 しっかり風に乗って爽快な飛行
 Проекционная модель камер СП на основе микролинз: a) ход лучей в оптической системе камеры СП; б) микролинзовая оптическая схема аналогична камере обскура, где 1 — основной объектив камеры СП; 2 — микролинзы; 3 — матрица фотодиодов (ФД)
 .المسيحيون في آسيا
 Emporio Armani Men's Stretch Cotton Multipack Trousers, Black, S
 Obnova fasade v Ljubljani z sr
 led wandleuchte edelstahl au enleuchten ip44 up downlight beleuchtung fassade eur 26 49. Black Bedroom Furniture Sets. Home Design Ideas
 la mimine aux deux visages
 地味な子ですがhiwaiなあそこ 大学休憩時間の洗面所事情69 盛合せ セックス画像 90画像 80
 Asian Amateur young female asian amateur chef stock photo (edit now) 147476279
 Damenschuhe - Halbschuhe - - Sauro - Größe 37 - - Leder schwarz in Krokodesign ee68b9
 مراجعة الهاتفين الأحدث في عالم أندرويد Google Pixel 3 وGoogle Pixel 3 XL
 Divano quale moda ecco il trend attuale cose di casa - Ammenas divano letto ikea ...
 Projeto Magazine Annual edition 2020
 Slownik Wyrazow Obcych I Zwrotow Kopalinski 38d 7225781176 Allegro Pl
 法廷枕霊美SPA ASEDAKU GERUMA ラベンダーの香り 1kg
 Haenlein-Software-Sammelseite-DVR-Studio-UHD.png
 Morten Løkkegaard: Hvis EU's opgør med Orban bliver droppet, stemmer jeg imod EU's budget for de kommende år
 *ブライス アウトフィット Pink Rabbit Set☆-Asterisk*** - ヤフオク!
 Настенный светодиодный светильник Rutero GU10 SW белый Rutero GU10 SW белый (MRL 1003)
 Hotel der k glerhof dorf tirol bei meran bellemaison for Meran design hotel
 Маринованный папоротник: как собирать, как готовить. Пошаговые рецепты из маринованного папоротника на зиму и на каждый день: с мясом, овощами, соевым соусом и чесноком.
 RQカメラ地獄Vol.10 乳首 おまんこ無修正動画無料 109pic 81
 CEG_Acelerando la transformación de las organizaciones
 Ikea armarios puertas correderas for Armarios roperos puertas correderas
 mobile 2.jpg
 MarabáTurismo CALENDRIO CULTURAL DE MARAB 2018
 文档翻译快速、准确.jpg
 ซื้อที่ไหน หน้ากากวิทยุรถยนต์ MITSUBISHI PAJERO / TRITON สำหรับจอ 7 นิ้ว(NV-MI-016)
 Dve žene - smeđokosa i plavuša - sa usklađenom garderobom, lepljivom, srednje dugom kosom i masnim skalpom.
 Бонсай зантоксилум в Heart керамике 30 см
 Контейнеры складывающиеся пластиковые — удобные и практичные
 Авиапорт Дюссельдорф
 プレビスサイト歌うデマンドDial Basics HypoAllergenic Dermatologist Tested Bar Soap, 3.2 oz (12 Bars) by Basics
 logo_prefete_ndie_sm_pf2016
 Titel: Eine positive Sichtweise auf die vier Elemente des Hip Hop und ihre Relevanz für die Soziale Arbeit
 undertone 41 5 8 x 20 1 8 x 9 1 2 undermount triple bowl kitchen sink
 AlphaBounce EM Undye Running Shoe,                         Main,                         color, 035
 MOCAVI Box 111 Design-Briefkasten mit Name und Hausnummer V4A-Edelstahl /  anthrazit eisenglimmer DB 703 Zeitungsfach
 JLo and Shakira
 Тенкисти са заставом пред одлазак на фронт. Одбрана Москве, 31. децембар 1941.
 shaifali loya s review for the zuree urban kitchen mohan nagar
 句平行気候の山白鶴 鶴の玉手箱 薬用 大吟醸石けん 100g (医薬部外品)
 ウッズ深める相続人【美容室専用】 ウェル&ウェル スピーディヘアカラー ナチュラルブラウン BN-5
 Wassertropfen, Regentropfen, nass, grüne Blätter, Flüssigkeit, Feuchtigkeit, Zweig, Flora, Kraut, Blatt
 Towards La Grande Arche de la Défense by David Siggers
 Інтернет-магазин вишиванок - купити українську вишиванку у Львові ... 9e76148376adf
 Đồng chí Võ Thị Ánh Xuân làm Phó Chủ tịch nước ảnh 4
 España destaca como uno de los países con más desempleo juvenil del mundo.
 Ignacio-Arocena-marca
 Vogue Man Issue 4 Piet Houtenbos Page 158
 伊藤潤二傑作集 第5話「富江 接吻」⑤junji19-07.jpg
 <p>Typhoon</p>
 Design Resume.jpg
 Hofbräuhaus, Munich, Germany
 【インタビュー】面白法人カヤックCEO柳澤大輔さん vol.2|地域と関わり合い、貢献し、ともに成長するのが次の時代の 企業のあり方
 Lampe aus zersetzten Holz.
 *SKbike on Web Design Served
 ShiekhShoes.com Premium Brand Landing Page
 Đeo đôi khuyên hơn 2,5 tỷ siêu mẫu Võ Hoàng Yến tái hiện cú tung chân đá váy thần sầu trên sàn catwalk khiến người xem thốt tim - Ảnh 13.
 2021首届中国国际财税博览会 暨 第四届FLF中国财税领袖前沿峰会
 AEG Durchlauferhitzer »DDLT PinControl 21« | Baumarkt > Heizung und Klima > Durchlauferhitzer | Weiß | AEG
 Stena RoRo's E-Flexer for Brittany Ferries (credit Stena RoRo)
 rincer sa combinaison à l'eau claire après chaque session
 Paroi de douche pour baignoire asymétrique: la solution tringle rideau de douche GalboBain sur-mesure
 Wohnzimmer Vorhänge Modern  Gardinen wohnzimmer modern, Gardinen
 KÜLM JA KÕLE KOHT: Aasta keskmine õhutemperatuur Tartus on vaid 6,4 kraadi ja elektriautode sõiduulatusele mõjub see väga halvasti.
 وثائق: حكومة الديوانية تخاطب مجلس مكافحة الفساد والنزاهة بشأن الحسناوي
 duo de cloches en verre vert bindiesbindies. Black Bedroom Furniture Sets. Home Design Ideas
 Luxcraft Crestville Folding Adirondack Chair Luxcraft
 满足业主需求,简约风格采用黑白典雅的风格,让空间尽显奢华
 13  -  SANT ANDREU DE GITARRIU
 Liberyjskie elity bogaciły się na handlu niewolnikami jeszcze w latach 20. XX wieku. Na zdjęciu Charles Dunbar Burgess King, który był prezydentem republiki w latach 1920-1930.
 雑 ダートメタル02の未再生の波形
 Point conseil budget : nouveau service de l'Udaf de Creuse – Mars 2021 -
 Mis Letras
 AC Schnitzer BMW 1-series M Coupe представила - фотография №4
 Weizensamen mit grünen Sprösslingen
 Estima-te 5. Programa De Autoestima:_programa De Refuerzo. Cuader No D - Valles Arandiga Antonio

+++++

• _Requirement_: Every line from the one holding "Stena RoRo's E-Flexer" through the last line of the listing above should be set down exactly, and nothing more.

• _Final answer_:
 Stena RoRo's E-Flexer for Brittany Ferries (credit Stena RoRo)
 rincer sa combinaison à l'eau claire après chaque session
 Paroi de douche pour baignoire asymétrique: la solution tringle rideau de douche GalboBain sur-mesure
 Wohnzimmer Vorhänge Modern  Gardinen wohnzimmer modern, Gardinen
 KÜLM JA KÕLE KOHT: Aasta keskmine õhutemperatuur Tartus on vaid 6,4 kraadi ja elektriautode sõiduulatusele mõjub see väga halvasti.
 وثائق: حكومة الديوانية تخاطب مجلس مكافحة الفساد والنزاهة بشأن الحسناوي
 duo de cloches en verre vert bindiesbindies. Black Bedroom Furniture Sets. Home Design Ideas
 Luxcraft Crestville Folding Adirondack Chair Luxcraft
 满足业主需求,简约风格采用黑白典雅的风格,让空间尽显奢华
 13  -  SANT ANDREU DE GITARRIU
 Liberyjskie elity bogaciły się na handlu niewolnikami jeszcze w latach 20. XX wieku. Na zdjęciu Charles Dunbar Burgess King, który był prezydentem republiki w latach 1920-1930.
 雑 ダートメタル02の未再生の波形
 Point conseil budget : nouveau service de l'Udaf de Creuse – Mars 2021 -
 Mis Letras
 AC Schnitzer BMW 1-series M Coupe представила - фотография №4
 Weizensamen mit grünen Sprösslingen
 Estima-te 5. Programa De Autoestima:_programa De Refuerzo. Cuader No D - Valles Arandiga Antonio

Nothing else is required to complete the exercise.